Goal of the exercise ->
Your reply should set down word for word each line below from the one with "Craig and Erica Engagement-1.jpg" through the final line, both included, but none of the pictures.

Dataset section ->
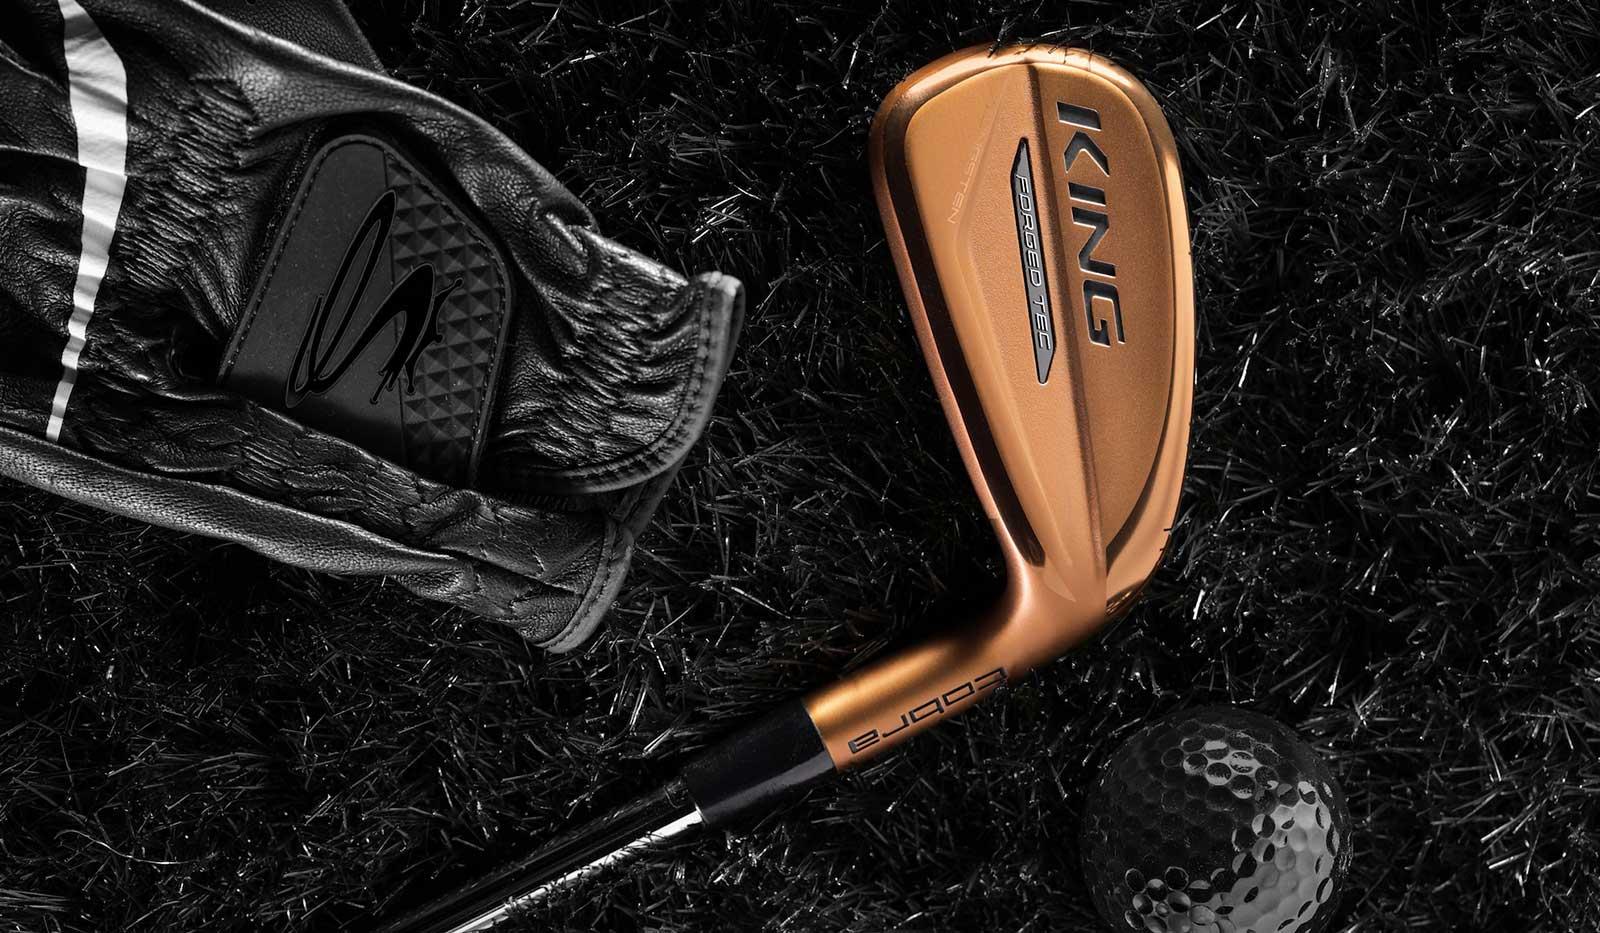 COBRA Golf KING Forged TEC Copper Eisen
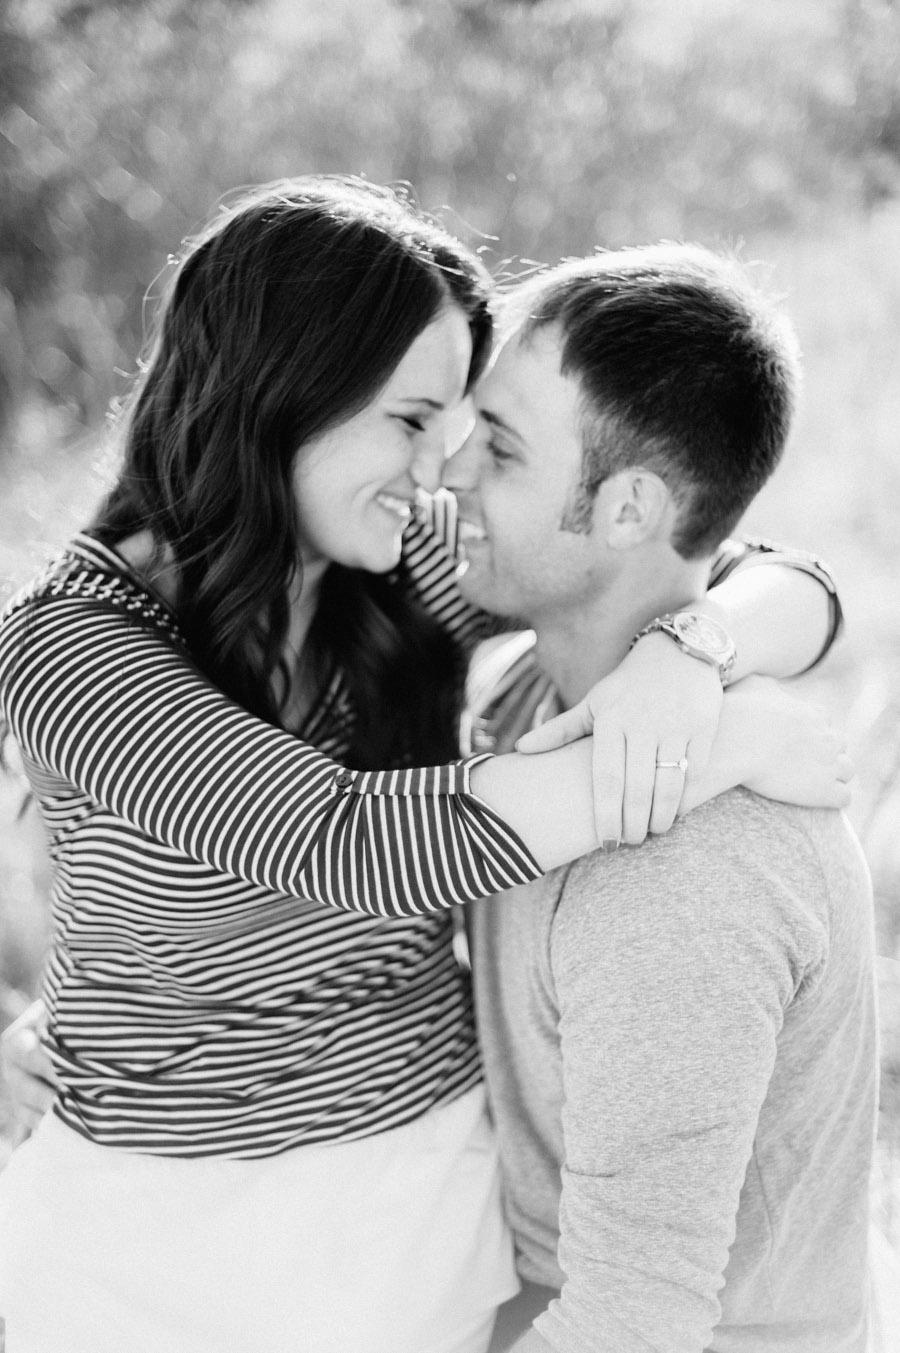 Craig and Erica Engagement-1.jpg
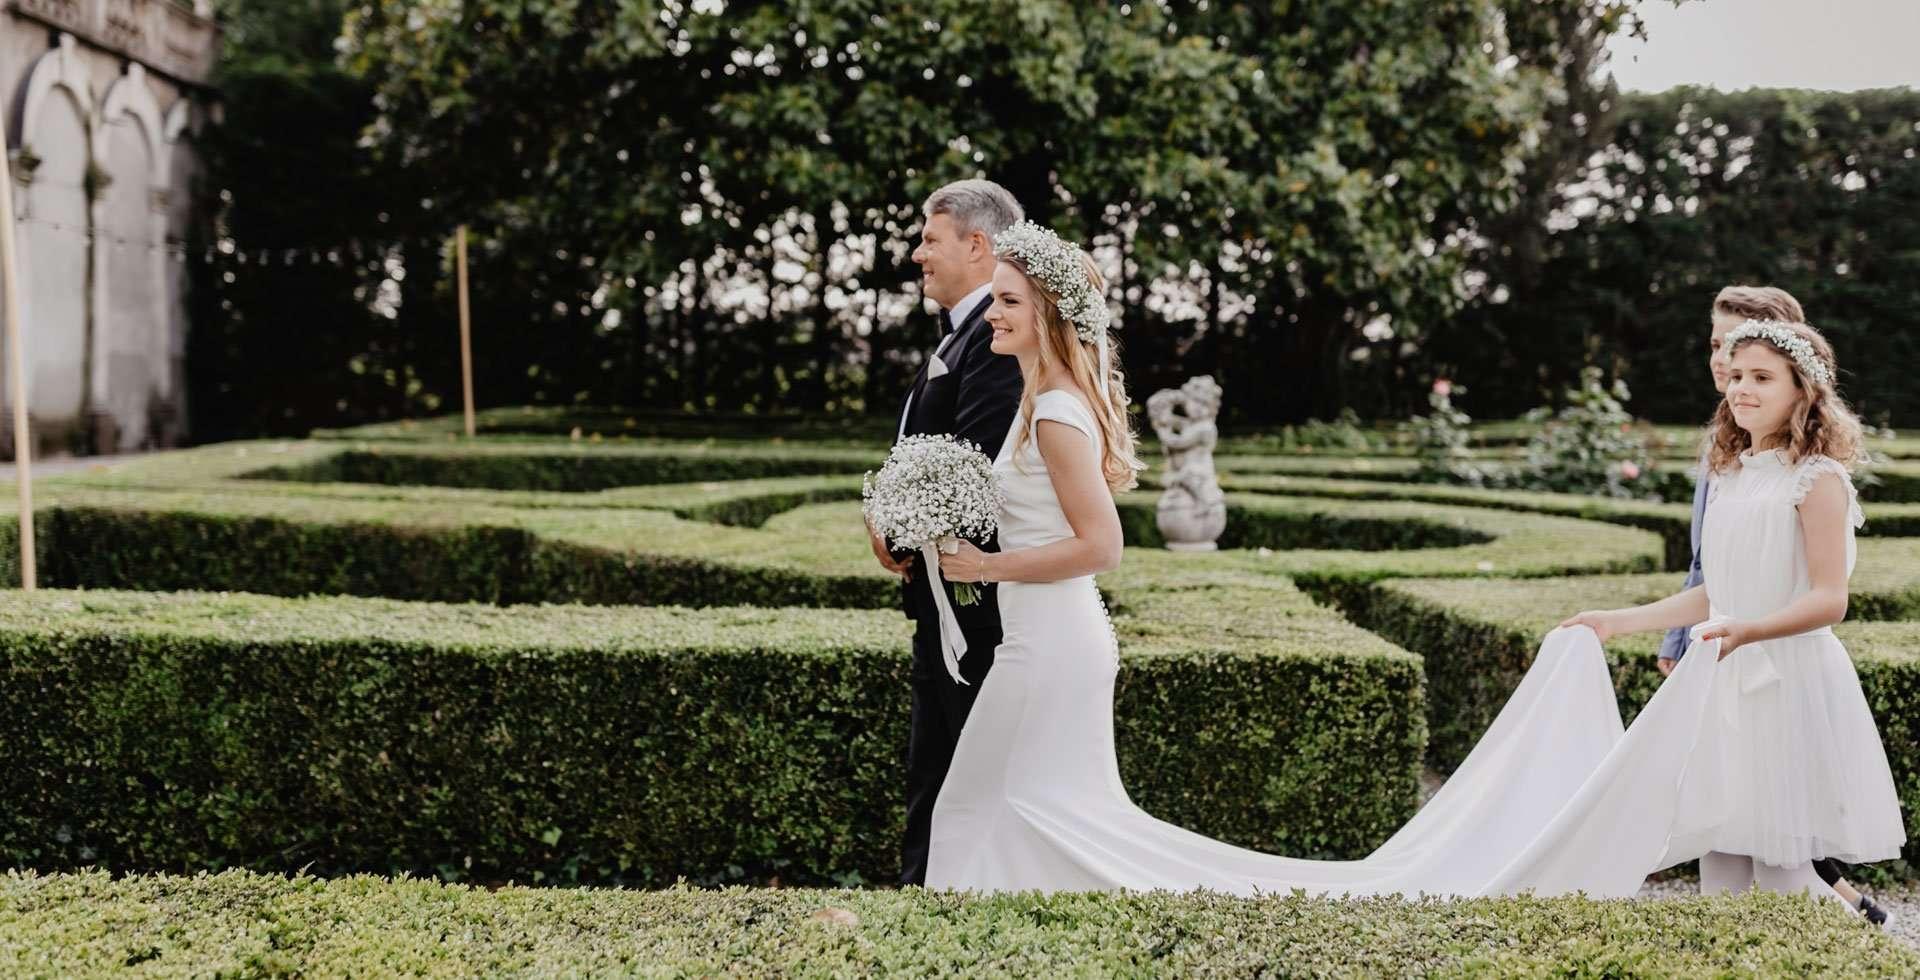 Destination wedding in villa veneta a Verona

Response ->
 Craig and Erica Engagement-1.jpg
 Destination wedding in villa veneta a Verona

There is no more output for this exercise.